__Task to carry out__: Pictures excluded, output the lines of the data below between the one holding "The Disney Wish, the" and the one holding "Jake McDorman as", inclusive, exactly as they stand.

__Record extracts__:

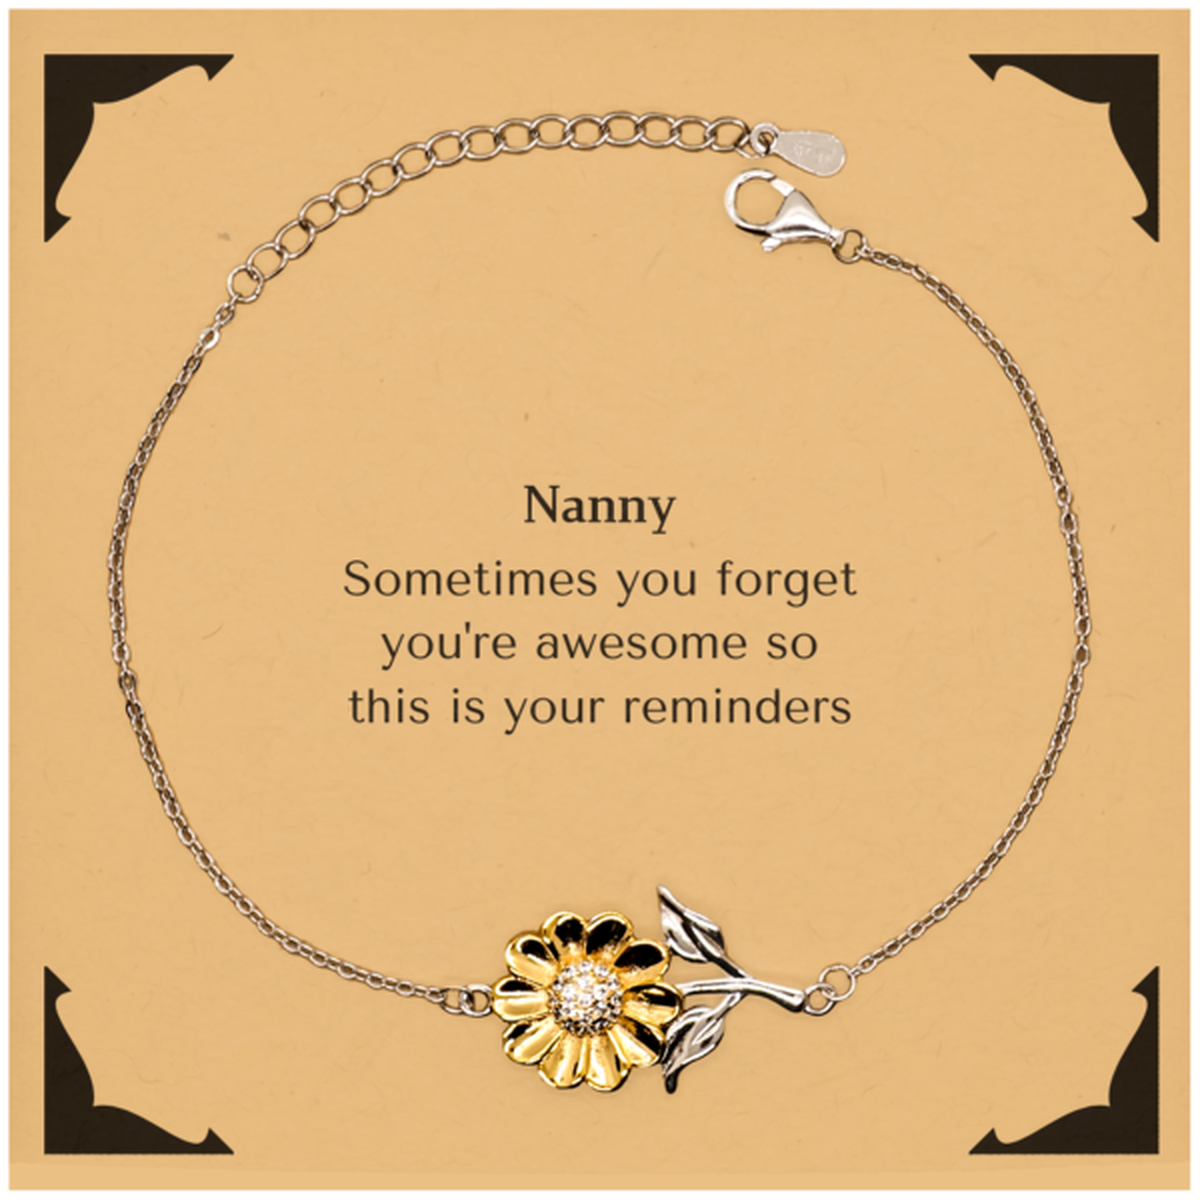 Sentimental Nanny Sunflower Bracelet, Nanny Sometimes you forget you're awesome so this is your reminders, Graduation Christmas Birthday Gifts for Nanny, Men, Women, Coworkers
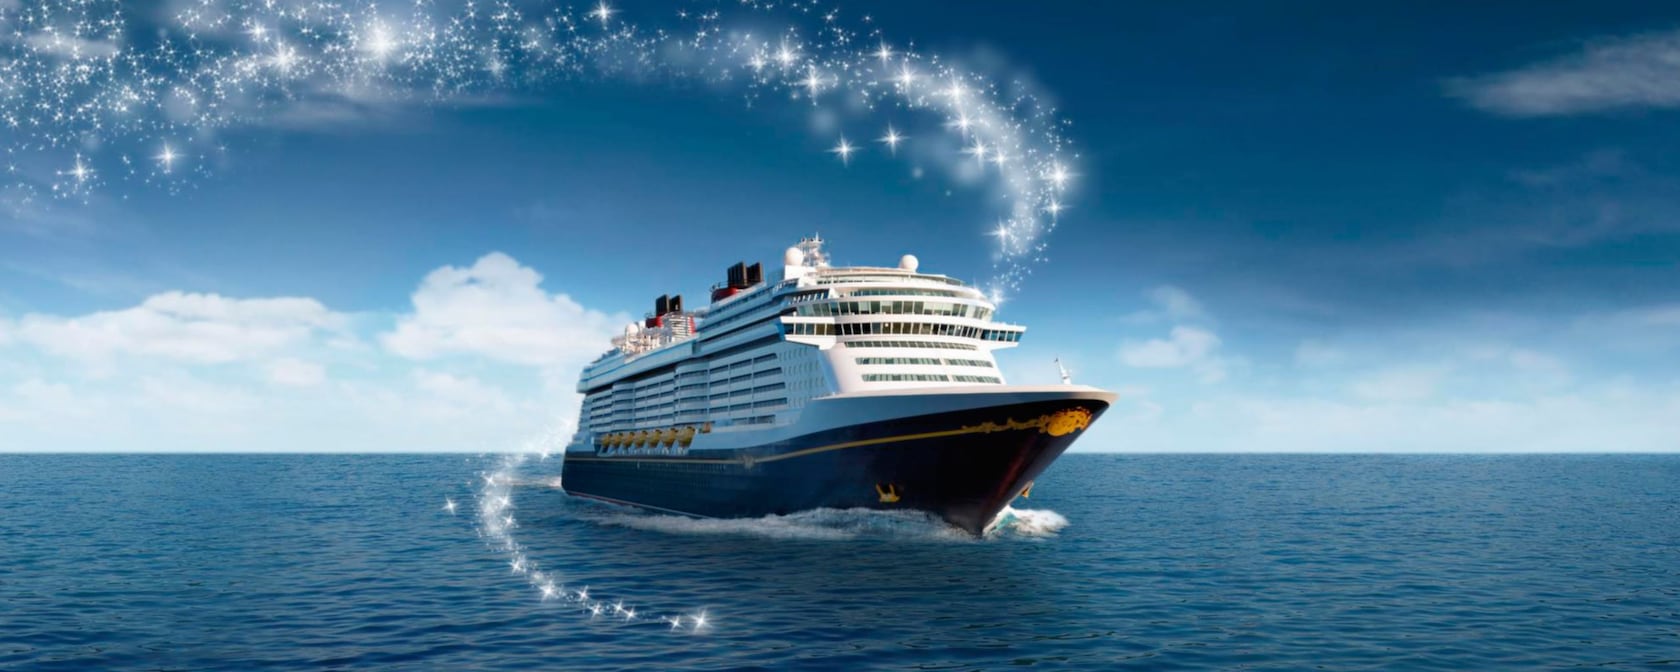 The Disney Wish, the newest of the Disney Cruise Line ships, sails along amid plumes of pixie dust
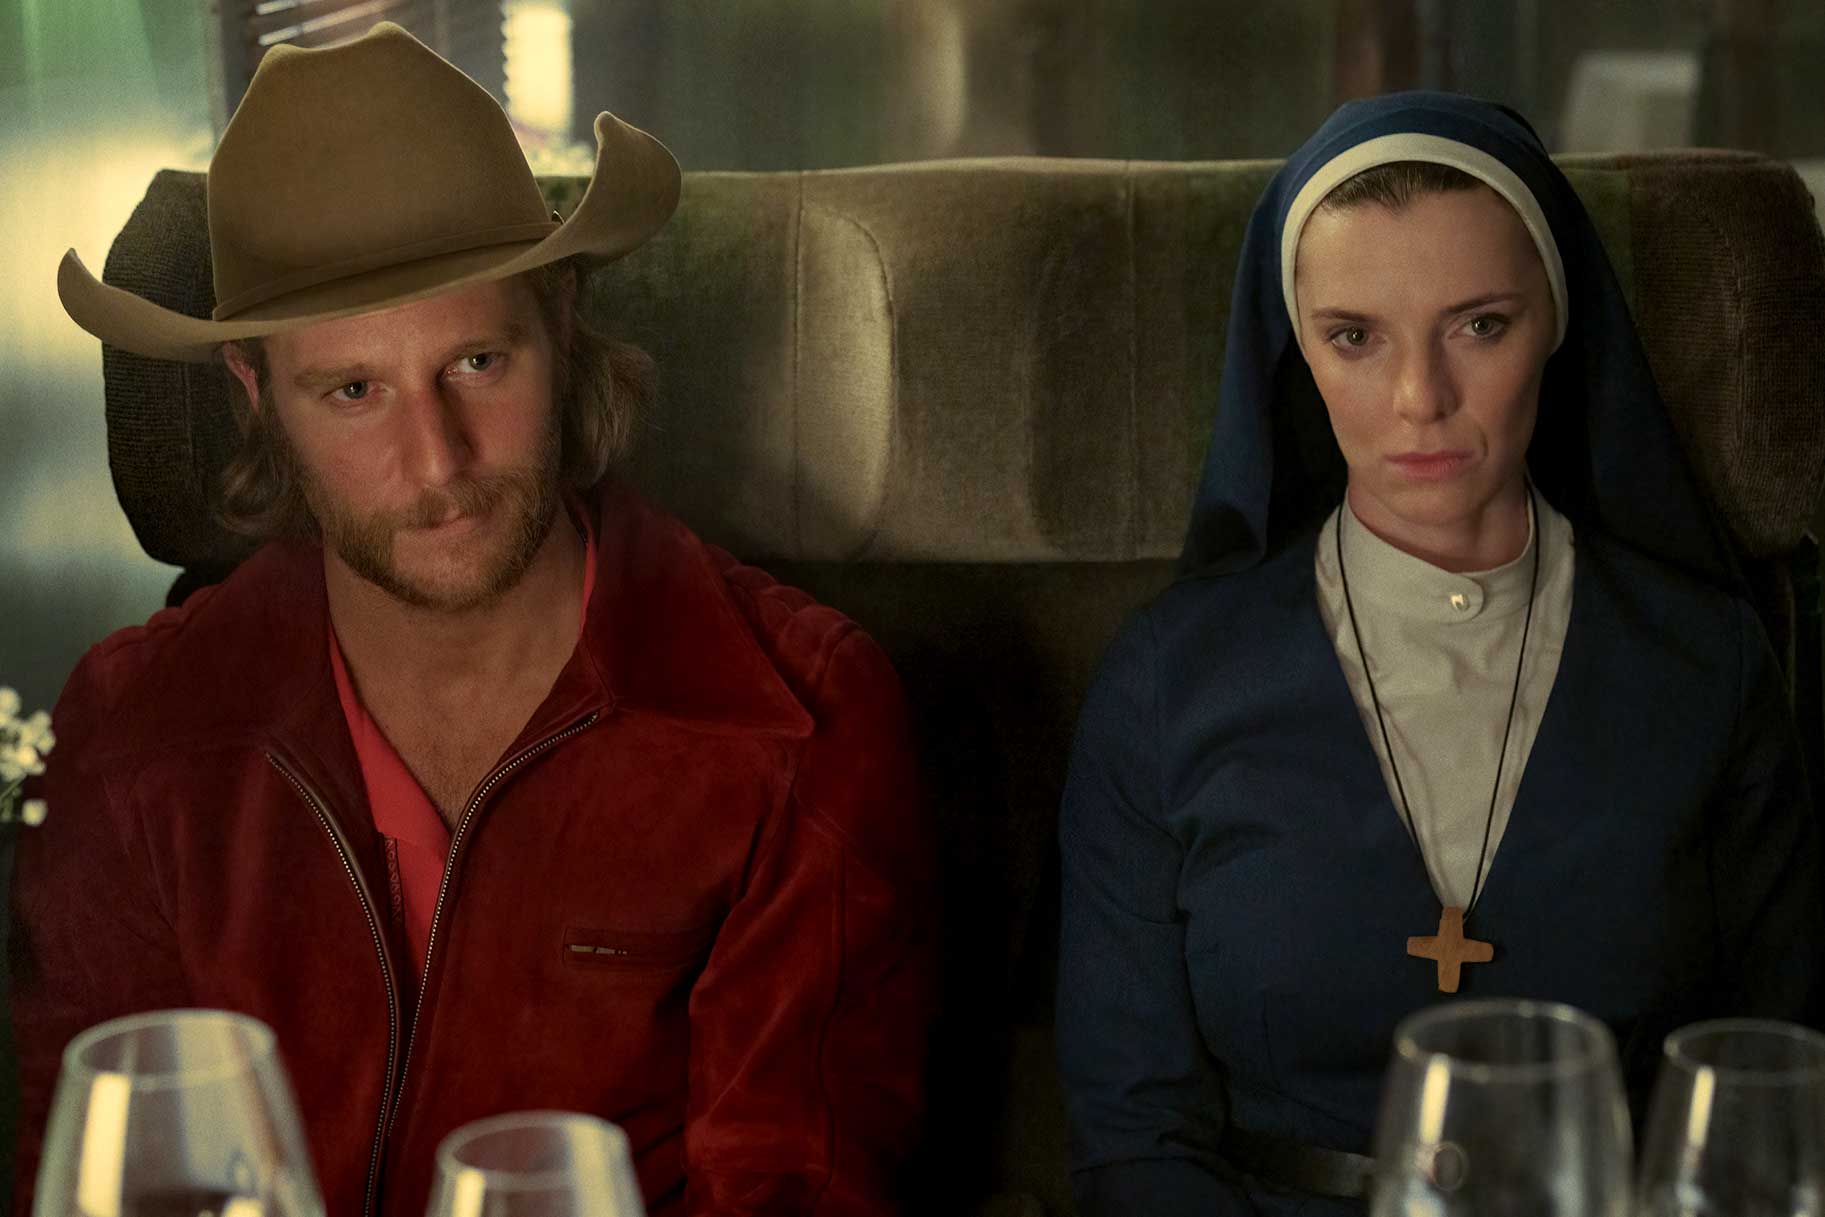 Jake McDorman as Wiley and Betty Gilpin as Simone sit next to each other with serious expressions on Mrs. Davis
--
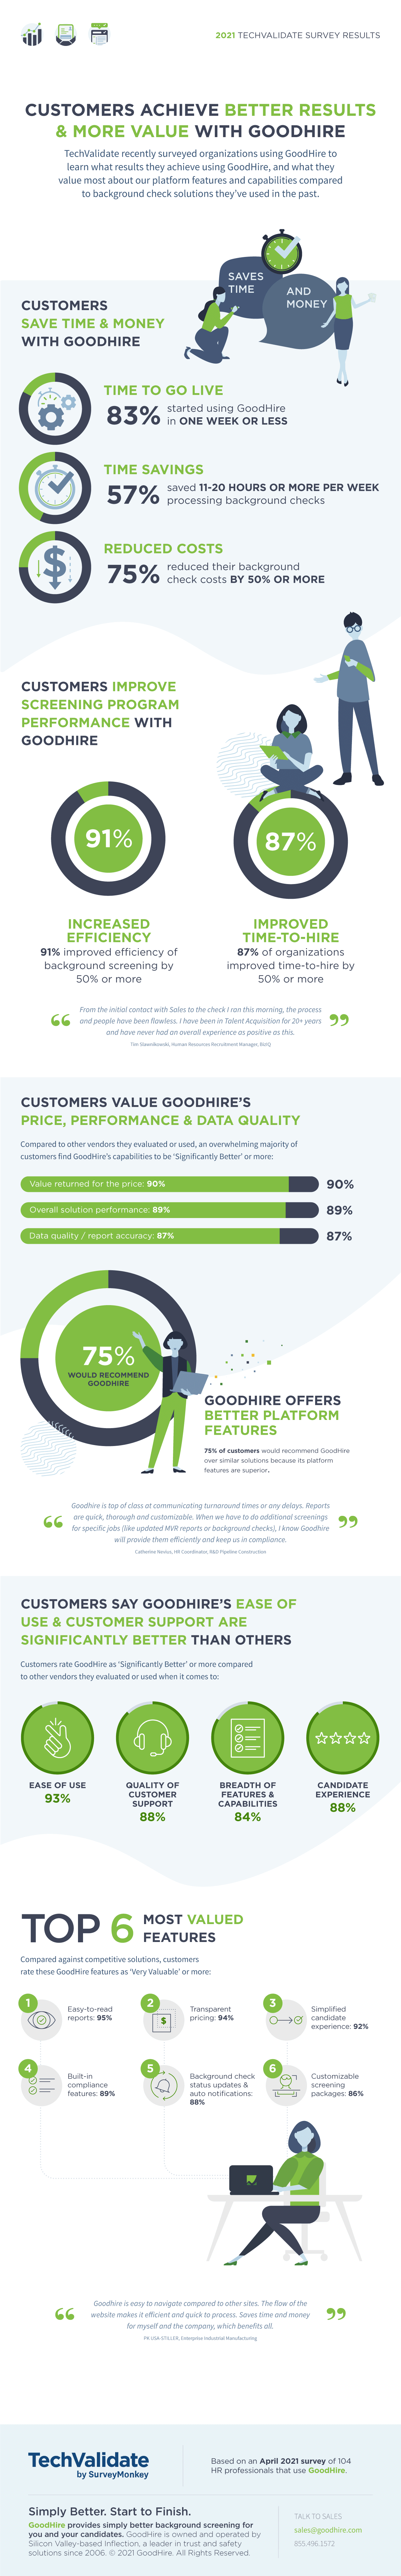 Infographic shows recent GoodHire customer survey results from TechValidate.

__Written reply__:
 The Disney Wish, the newest of the Disney Cruise Line ships, sails along amid plumes of pixie dust
 Jake McDorman as Wiley and Betty Gilpin as Simone sit next to each other with serious expressions on Mrs. Davis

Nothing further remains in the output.